Table 1. Different levels of clinical relevance for pharmacogenomics (PGx) variants in reference organizations.
Reference Organization | PGx Level | Summary of Description | Reference |
---|---|---|---|
PharmGKB | 1A | Variants in this level are annotated and have a clear and endorsed guideline while showing a strong role in gene-drug interactions. | [19] |
1B | Annotated variant with strong evidence in the literature. Gene-drug association shows strong effects. | ||
2A | The annotated variant is in a VIP *, so functional significance is more likely. | ||
2B | Annotated variant but in moderate evidence of an association. There is no reliable replicated study in form of statistical significance or well-designed in size. | ||
3 | Annotated variant in a single study or multiple studies with no similar associations between the variant and the drug. | ||
4 | Annotated variant but in a case report and non-significant study or just in an in-vitro assay. | ||
CPIC | A | Variants in this level oblige a change in related drug prescription. Strong clinical evidence and genotype-phenotype correlations exist. | [20] |
B | Evidence is weak for the variant but still genotyping may be useful for alternative prescribing. | ||
C | Different levels of evidence are mentioned in various publications for the variant. No prescribing actions are recommended. Mostly suitable for genes that are commonly included in clinical or DTC ** tests. | ||
D | Weak evidence and conflicting data are introduced for the variant. Clinical actionability is unclear. No prescribing actions are recommended. | ||
DPWG | AA | Variants with no significant clinical or kinetic effects. | [21] |
A | Variants with minor clinical effects and kinetic effects. | ||
B | Variants with mild clinical effects. | ||
C | Variants with moderate clinical effects. | ||
D | Variants with stronger clinical effects than level C. | ||
E | Variants with severe clinical effects as the failure of lifesaving therapy or life-threatening complications. | ||
F | Variants with most severe clinical effects, death is anticipated. | ||
*** | |||
4 | There are good quality published studies for the variant/gene. | ||
3 | There are moderate quality published studies for the variant/gene. | ||
2 | Well documented case reports exist for the variant/gene. | ||
1 | Published incomplete case reports for the variant/gene. | ||
0 | Data on file. | ||
. | No evidence. |
* VIP: very important pharmacogene, ** DTC: direct to consumer, *** Separate the two different levels definitions of the DPWG.

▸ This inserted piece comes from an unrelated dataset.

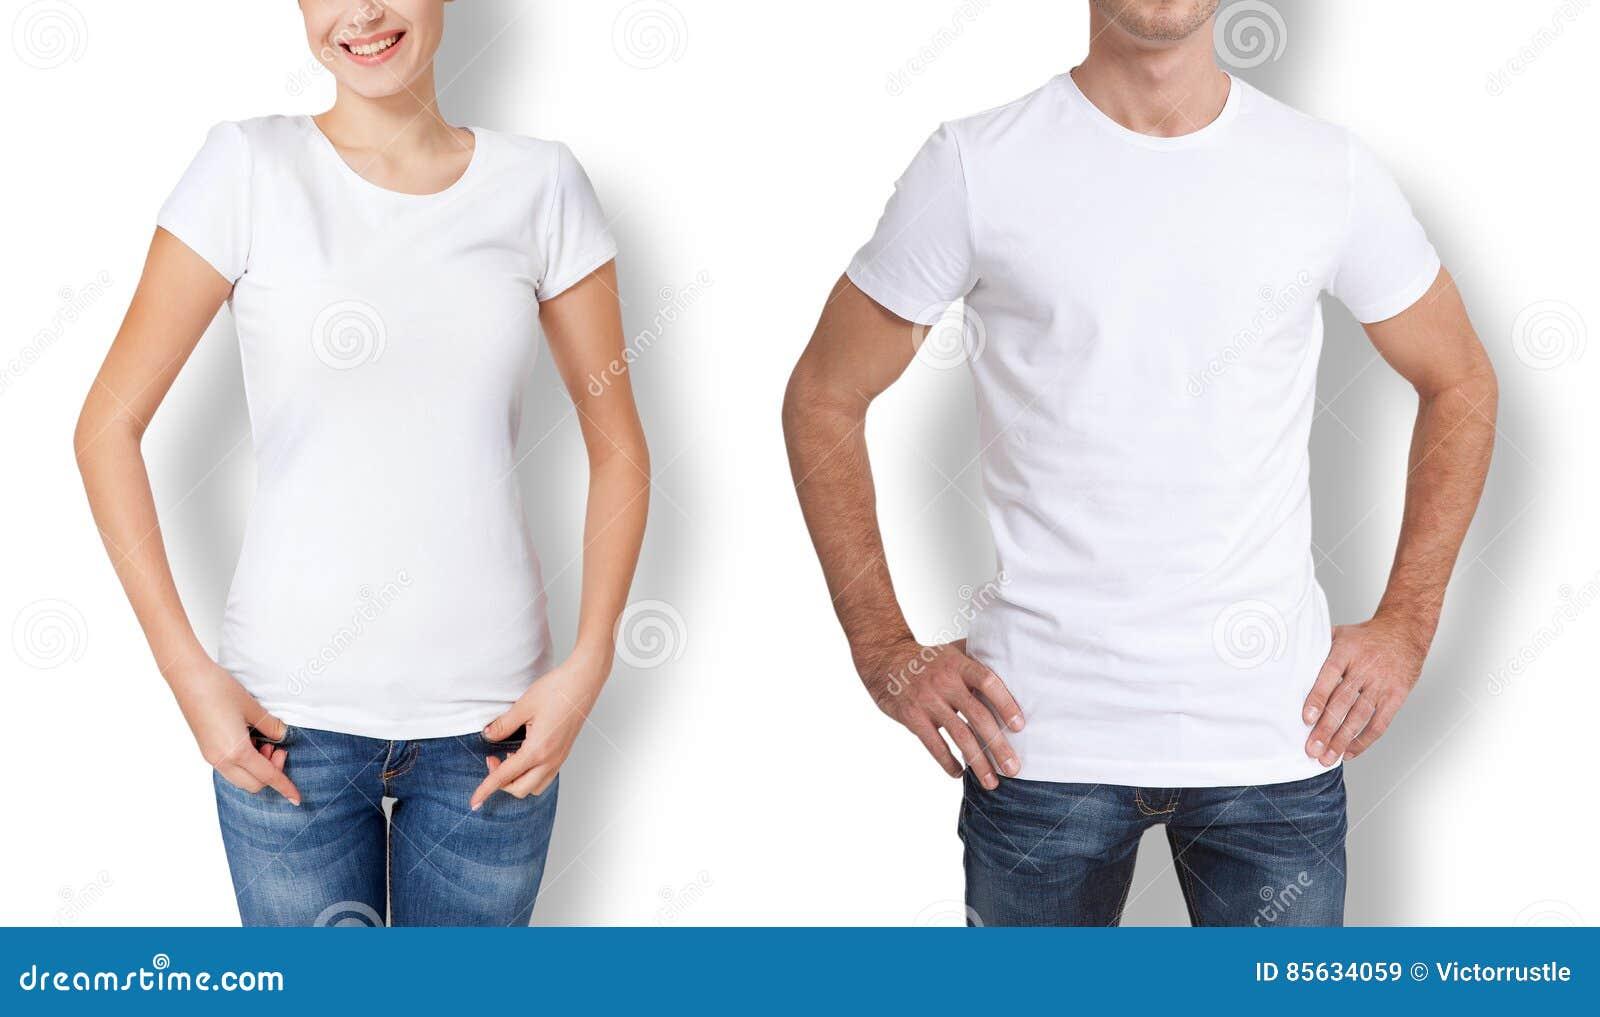 Koszulowy projekt i ludzie pojęć - zamyka up młody człowiek i kobieta w pustej białej koszulce

Table 2. Clinical Pharmacogenetics Implementation Consortium (CPIC) new level of clinical relevance for gene/drug interactions.
Cpic Level | Clinical Context | Level of Evidence | Strength of Recommendation |
---|---|---|---|
A | Genetic information should be used to change the prescribing of the affected drug. | The preponderance of the evidence is high or moderate in favor of changing prescribing. | At least one moderate or strong action (change in prescribing) is recommended. |
A/B | Preliminary review indicates it is likely that the definitive CPIC level will be either A or B. | Full evidence review is needed to assess the level of evidence, but prescribing actionability is likely. | Full review by expert guideline group to assign strength of recommendation. |
B | Genetic information could be used to change prescribing of the affected drug because alternative therapies/dosing are extremely likely to be as effective and as safe as non-genetically based dosing. | The preponderance of the evidence is weak with little conflicting data. | At least one optional action (change in prescribing) is recommended. |
B/C | Preliminary review indicates it is likely that the definitive CPIC level will be either B or C. | Prescribing actionability based on genetics is not clear without further evidence review. | Full review by expert guideline group to assess the strength of recommendation. |
C | There are published studies at varying levels of evidence, some with mechanistic rationale, but no prescribing actions are recommended because (a) dosing based on genetics makes no convincing difference; (b) alternatives are unclear, possibly less effective, more toxic, or otherwise impractical; or (c) few published studies or mostly weak evidence and clinical actions are unclear. Most important for genes that are subject to other CPIC guidelines or genes that are commonly included in clinical or DTC tests. | Evidence levels can vary. | No prescribing actions are recommended. |
C/D | Preliminary review indicates it is likely that the definitive CPIC level will be either C or D. | Evidence levels can vary. | No prescribing actions are recommended. |
D | There are few published studies, clinical actions are unclear, little mechanistic basis, mostly weak evidence, or substantial conflicting data. If the genes are not widely tested clinically, evaluations are not needed. Criteria for “widely tested” includes: 1) College of American Pathologists (CAP) proficiency testing is available; 2) gene is in disease-specific panels (e.g., pain, psychiatric, cancer, etc.); or 3) evidence exists for implementation of the gene into clinical practice (CPIC member feedback, publications, etc.). | Evidence levels can vary. | No prescribing actions are recommended. |
Adopted from cpicpgx.org/.
Regarding the abovementioned level of classification for the identified variants, the utilization of NGS platforms for clinical PGx tests brings various types of alleles, which after confirmation and validation processes could be categorized as functional/potential effective variants, fall into “five groups of (1) annotated variants with the clear guideline (i.e., rs1057910 in CYP2C9 and rs9923231 in VKORC1 genes for Warfarin). (2) Annotated variants with no clinical guideline (i.e., rs6166 in FSHR gene for urofollitropin). (3) Variants with annotation or guidelines for other drugs (i.e., rs9322335 in ESR1 gene for letrozole while the gene is studying and considered as the estrogen receptor and target molecule for Clomifene). (4) Non-pharmacogenetically annotated variants (i.e., different clinical related variants in AR gene as an important target molecule for infertility drugs). And (5) Variants of unknown significance (VUS). The next part will focus on different approaches for such variant interpretation and curation in clinical practice.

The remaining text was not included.